In a raft of recommendations, the team that started its sittings last year December also proposes prompt payment to farmers, and has recommended enforcement of provisions that requires millers to make payment within a week of cane delivery.

Consequently, millers that will not make payments within the set period would be liable to an interest to be calculated at prevailing market rate.

Late payments for canes delivery, smuggling of contraband sugar, cane poaching, debts are some of the key issues that have continued to sink the sector, with farmers complaining that they cannot continue with their farming activities when factories are holding their money.

The team further wants full automation of weighbridges to enhance transparency on cane tonnage to end claims of manipulation of the quantity of cane delivered the factories.

The proposals obtained by The Standard are contained in a report by the team co-chaired by Agriculture Cabinet Secretary Mwangi Kiunjri and Kakamega Governor Wycliffe Oparanya.

The committee was set up following a directive by President Uhuru Kenyatta to bail out the struggling public millers.

“Millers should not be licenced to import sugar. A strong regulatory framework that defines distinct roles of all players in the value chain and mitigates against conflict of interest,” reads part of the eight action pillars by the team.

The report also proposes a clearly defined guidelines and regulations for sugar imports and export to curb excessive importation and ensure a stable market.

The team also wants enhanced inter-agency surveillance to curb sugar smuggling as well as develop a marketing framework which ensures access of local sugar in the entire country at competitive prices.

It wants millers to deal with cane development and let traders import the commodity under the control of state agencies.

The stakeholders argue that if millers were allowed to import, they will abandon cane growing and flood the market with cheap non-Comesa sugar.

It emerged during the contraband sugar investigations by MPs that private millers had imported cheap sugar worth billions of shillings, flooding the market for the locally produced sweetener.

The imported sugar are also sold at relatively cheap price thus edging out the locally produced ones at the shelves.

The team says all efforts should be put in promoting cane growing to ensure the country is self-sufficient in sugar production by 2021 on a cost-effective basis.

It further recommends that the national and county governments institute measures that support efficient sugarcane production systems by rationalization of taxes, provision of affordable credit and risk mitigation measures.

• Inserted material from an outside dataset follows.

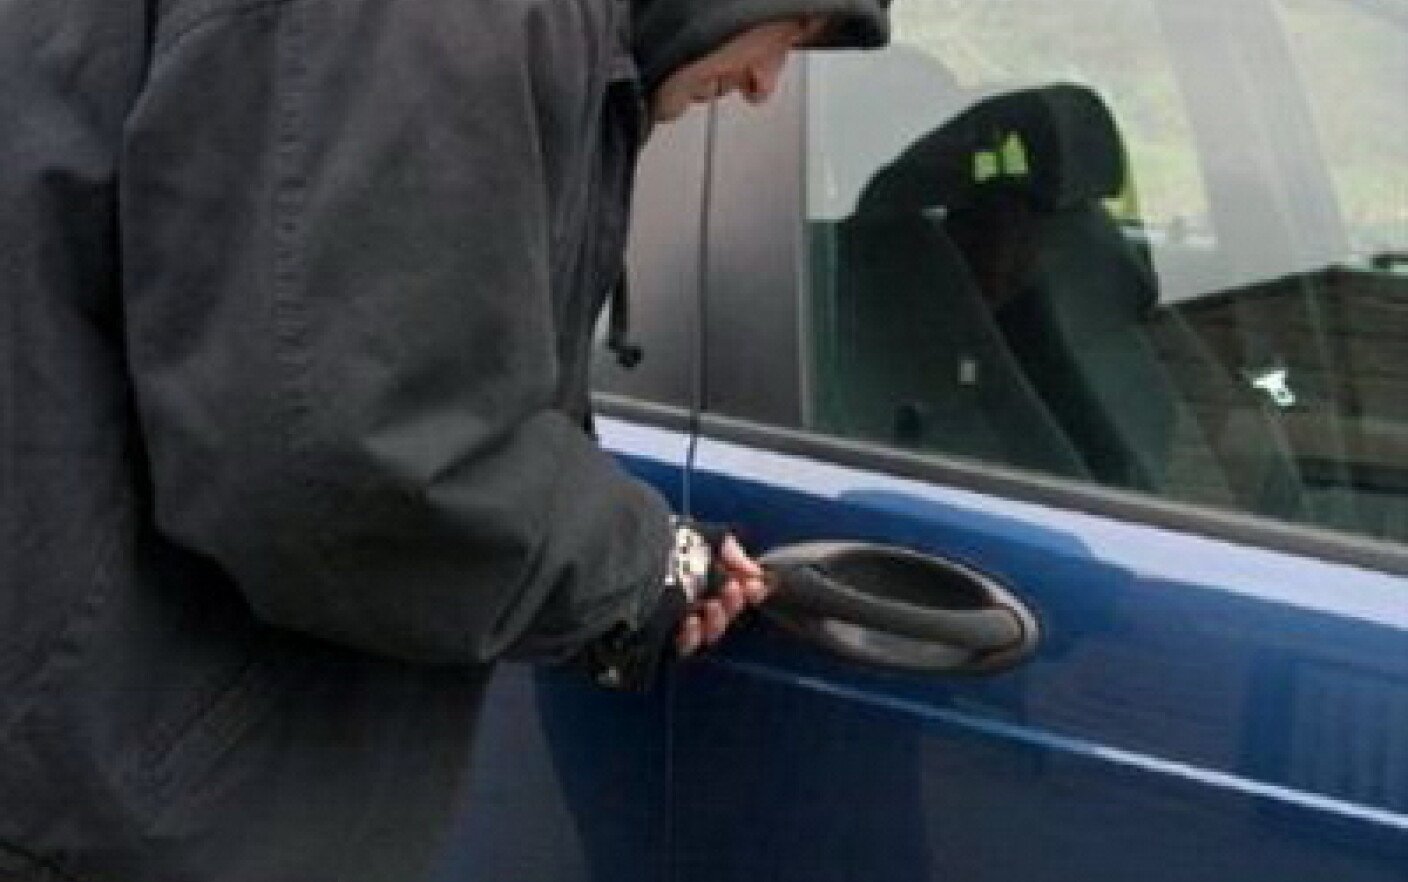  Arestat după ce a făcut o plimbare cu maşina unui locatar care o lăsase la stradă cu tot cu cheie
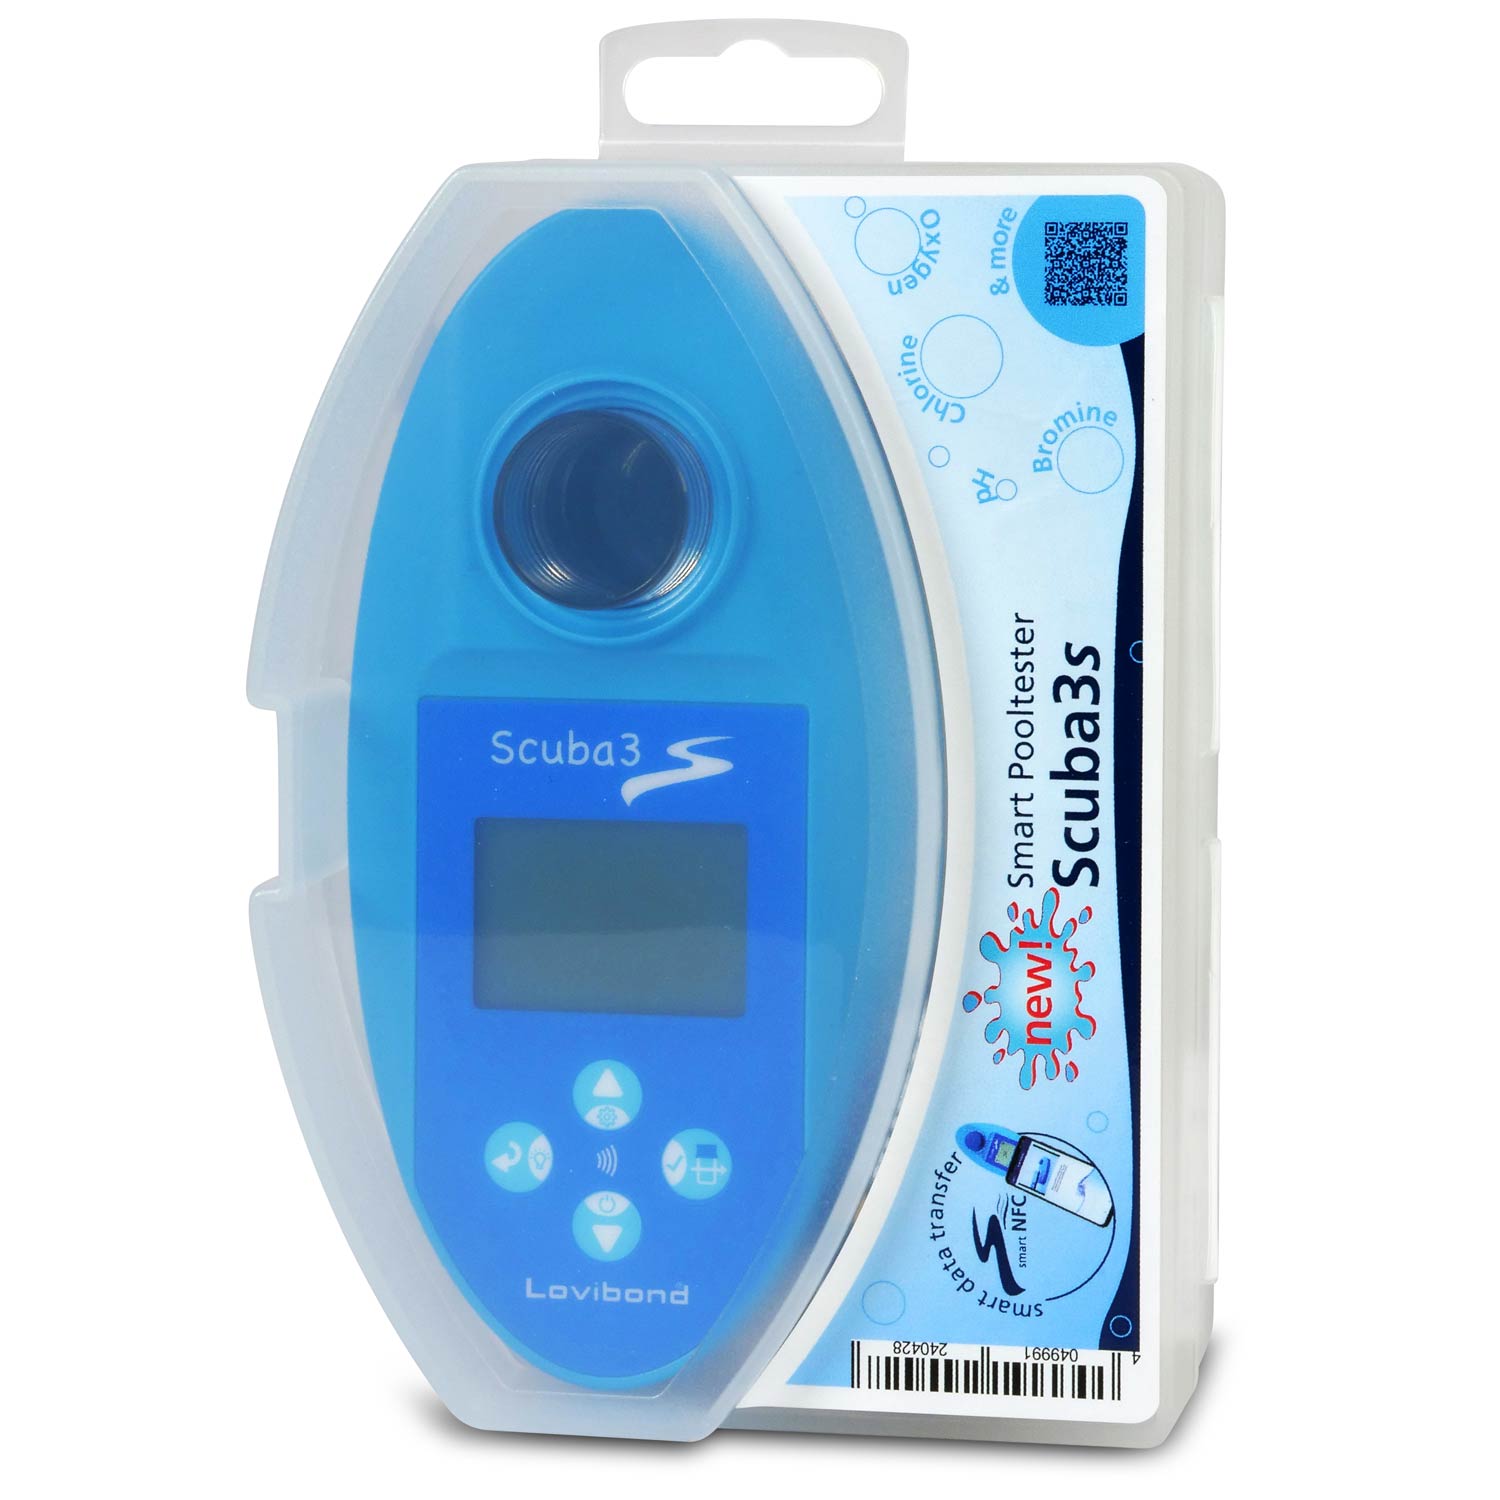 SCUBA 3s Elektronischer Pooltester mit NFC

The team also want the State to review the taxation regime to create a tax friendly investment environment, including duty waivers on high end industry inputs such as fertilizer, diesel, farm implements, and plant and factory equipment.

It wants the collapsed giant miller – Mumias Sugar Company – to identify a private investor as part of a “comprehensive balance sheet restructuring.”

In the proposals, the team wants 51 per cent sold out to a private partner, 25 per cent retained by the government and 24 by farmers and employees trust.

“Procure a strategic partner through sale of 51 per cent shareholding in each of the public sector mills. The strategic partner to be identified through a competitive process from companies that demonstrate they have the required experience in operating sugar companies and the financial capacity,” reads the document.

It adds, “Implement the debt restructuring as approved by the National Assembly in 2013 as part of a comprehensive balance sheet restructuring. Convert the additional debt by the Government to the factories from July 2009 to equity.”

On cane poaching, the team has proposed that farmers have a contract with specific miller of their choice.

Poaching has been at the centre of fierce battle between private and public millers as the latter has always complained of losing billions of shillings spent in  supporting farmers only for the private millers to harvest the canes.

"Clusters of factories within a defined region(s) to facilitate synchrony in planning production and cane supplies. Farmers within defined region shall have a contract with an individual miller of their choice," proposes the report.

"Enforce farmer miller contracts to ensure cane harvesting at optimal age. Establish a stakeholders’ body, comprising representatives of key stakeholders, growers, millers, regulator, sugar research institution, the County and national Governments with presence in each of the regions/cluster for self-governance," it adds.